The diary entries to 'the coven' are fleeting. On 13 June 1983, Mr Clark recalls: 'In London I collected the coven and off we went to Brook's for dinner. At intervals Joei said 'Gosh, Al, are you really a minister, zowee.' Valerie was less forthcoming. Ali sulked and sneered. Driving away we went past the Ritz and Joei said, 'Gosh is that the Ritz? I wish we could go in there.' 'Why?' 'To go to bed of course.' I was thoughtful; I have always been culpably weak in such matters.'

Another entry refers to an alleged suicide attempt by Josephine in 1984. Mr Clifford said she was livid about the entry and insisted

it had not been a serious attempt.

Last night both sides were crying traitor. Mr Clark said he had been bitterly 'traduced' by people who he held in affection and trust.
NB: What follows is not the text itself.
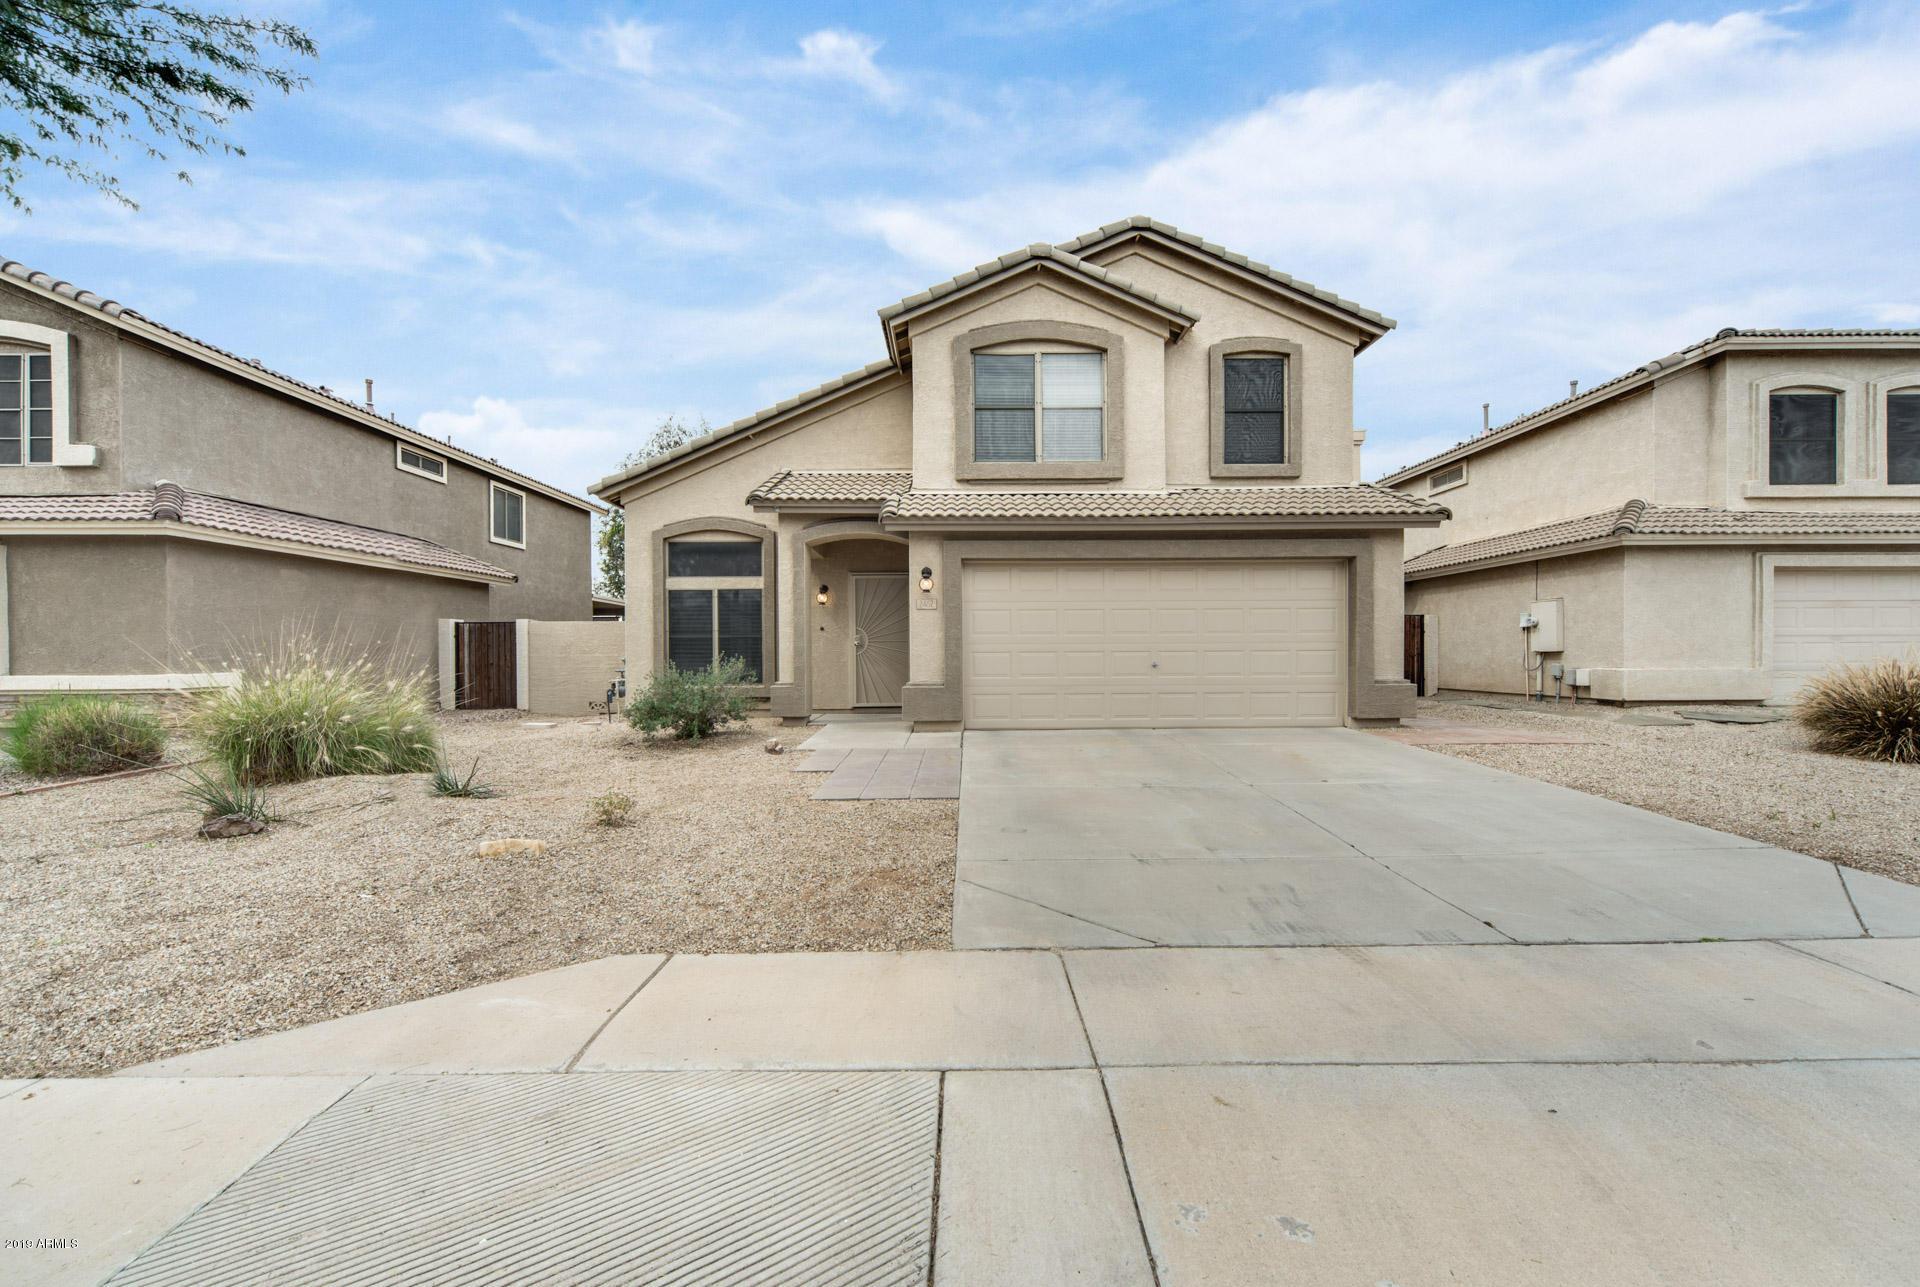 Photo of 2462 S LYNCH Avenue, Mesa, AZ 85209

Mr Harkess, who comes from a privileged, colonial background, had his own definition of betrayal; an affair with a good friend's wife and the seduction of his two step- daughters. He said: 'Alan Clark was and is unfit to hold office and there are too many others like him in the present government.'

Josephine insisted that the family was 'going through enormous personal trauma' over the story. 'It's taken great courage on behalf of my parents to support my calling Alan Clark out. I have known Alan since I was nine. This secret would have gone with us to the grave had he not mentioned me in a very defamatory and derogatory way in his book.'

She said Mr Clark had refused to see her or talk about matters. 'I cannot allow this to stand. I have a life in South Africa. I have been married for six months to a man 22 years older than me and his whole community are contemporaries of Alan Clark. They are all going to read this book. If I don't say anything, my silence will agree with what is written.'

Last night, Mr Clifford, the man behind the Freddie Star Ate My Hampster 'story', the sale of pictures of the Princess of Wales exercising at a gym and the exposure of Antonia de Sancha's affair with David Mellor, was busy keeping the circus on the road. Already he was considering the overseas commercial possibilities. 'There is always a market for a British scandal. It must have something to do with the pompous, holier-than-thou, view of British society. Then the people in power and influence make such fools of themselves.'

If nothing else, the episode will add to the anticipation surrounding volume two of Mr Clark's best-selling diaries, due out next May.